FYI, there's an open letter requesting a 6-month pause on AI development
<https://futureoflife.org/open-letter/pause-giant-ai-experiments/>, with
reasonable arguments (in my opinion) and signed by several big names too.
The basic rationale, as I understand it, is that similar to human
cloning, human germline modification, gain-of-function research and other
world-changing and potentially dangerous technologies, there should be some
kind of procedure to ensure that safety keeps pace with development, which
the current AI race is not allowing.


On Sun, Mar 19, 2023 at 5:20 AM Kimmo Virtanen <kimmo.virta...@wikimedia.fi>
wrote:

> Or, maybe just require an open disclosure of where the bot pulled from and
>> how much, instead of having it be a black box? "Text in this response
>> derived from: 17% Wikipedia article 'Example', 12% Wikipedia article
>> 'SomeOtherThing', 10%...".
>
>
> Current (ie. ChatGPT) systems doesn't work that way, as the source of
> information is lost in the process when the information is encoded into the
> model. The model is just a network of probabilities, and it is highly
> compressed compared to the original data.

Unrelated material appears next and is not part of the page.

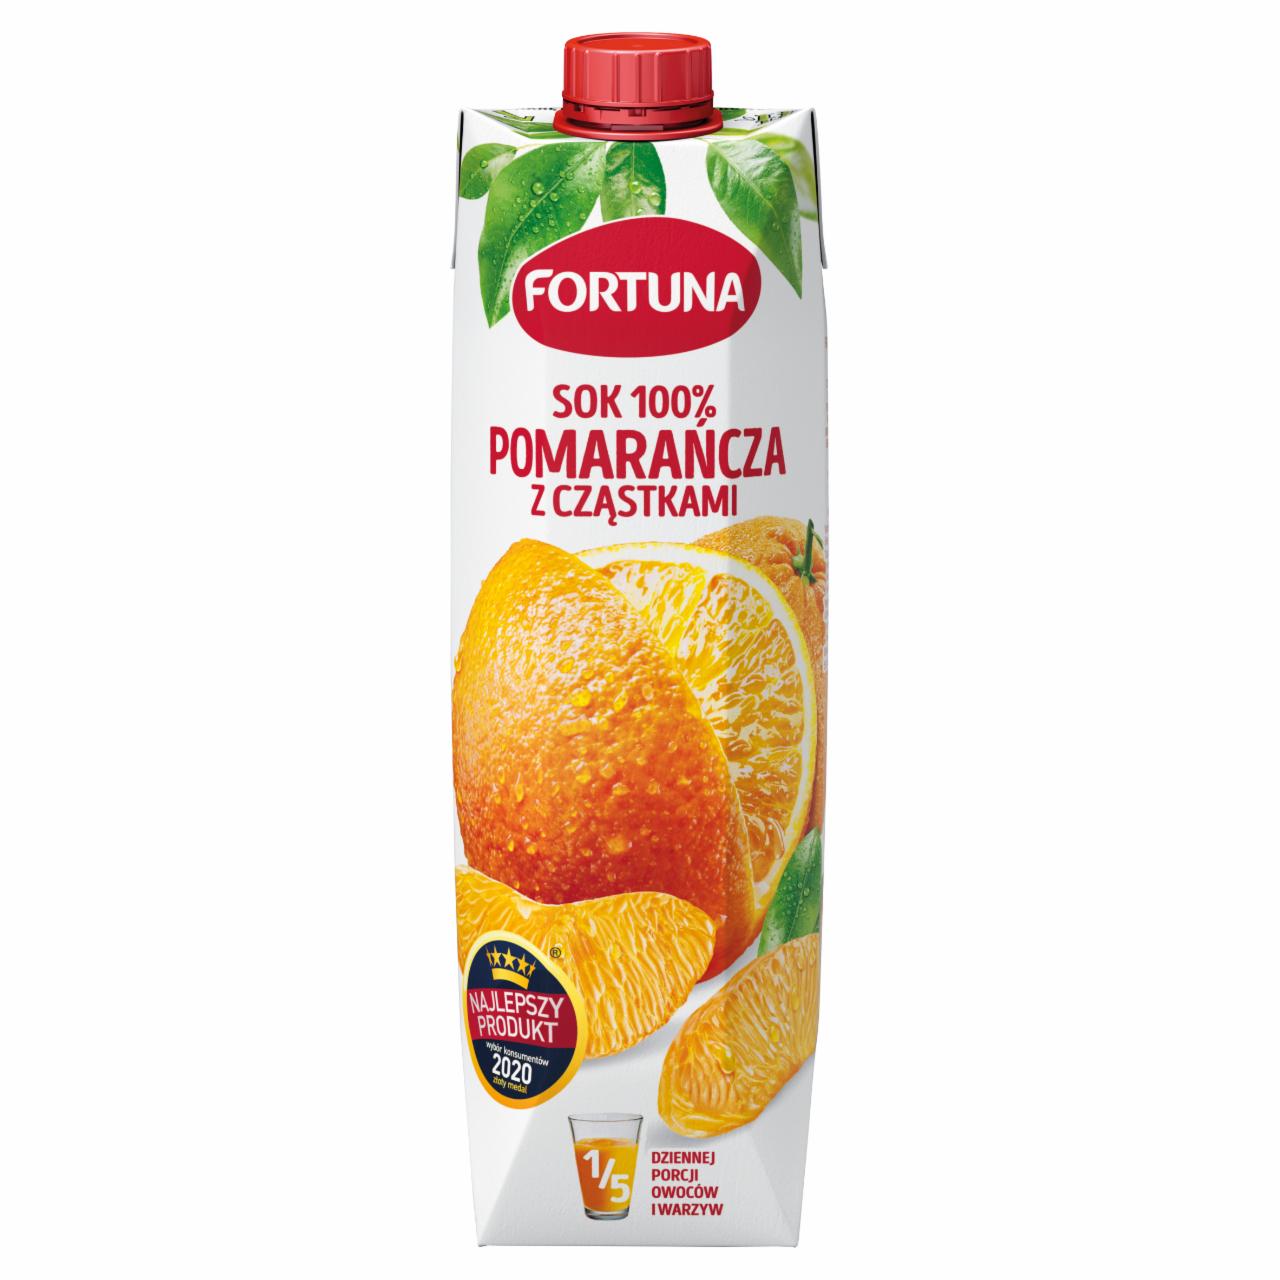 Zdjęcia - Fortuna Sok 100 % pomarańcza z cząstkami 1 l

We are missing the point if we
> believe it is a copy of source data and not a tool to interact with
> information using natural languages.
>
> Soon, tools can retrieve data from external sources and write answers
> based on them[1]. For example, in the Wikipedia context, this would be to
> use a search engine to find information automatically, summarize findings,
> and generate references for the results. Or vice versa, retrieve
> information from Wikipedia or Wikidata. Then we will get source data, too,
> but the LLM model's internal reasoning will still be fuzzy.
>
> [1] https://interconnected.org/home/2023/03/16/singularity
>
> Br,
> -- Kimmo Virtanen
>
>
> On Sun, Mar 19, 2023 at 8:24 AM Todd Allen <toddmal...@gmail.com> wrote:
>
>> Or, maybe just require an open disclosure of where the bot pulled from
>> and how much, instead of having it be a black box? "Text in this response
>> derived from: 17% Wikipedia article 'Example', 12% Wikipedia article
>> 'SomeOtherThing', 10%...".
>>
>> On Sat, Mar 18, 2023 at 10:17 PM Steven Walling <steven.wall...@gmail.com>
>> wrote:
>>
>>>
>>>
>>> On Sat, Mar 18, 2023 at 3:49 PM Erik Moeller <eloque...@gmail.com>
>>> wrote:
>>>
>>>> On Fri, Mar 17, 2023 at 7:05 PM Steven Walling <
>>>> steven.wall...@gmail.com> wrote:
>>>>
>>>> > IANAL of course, but to me this implies that responsibility for the
>>>> *egregious* lack
>>>> > of attribution in models that rely substantially on Wikipedia is
>>>> violating the Attribution
>>>> > requirements of CC licenses.
>>>>
>>>> Morally, I agree that companies like OpenAI would do well to recognize
>>>> and nurture the sources they rely upon in training their models.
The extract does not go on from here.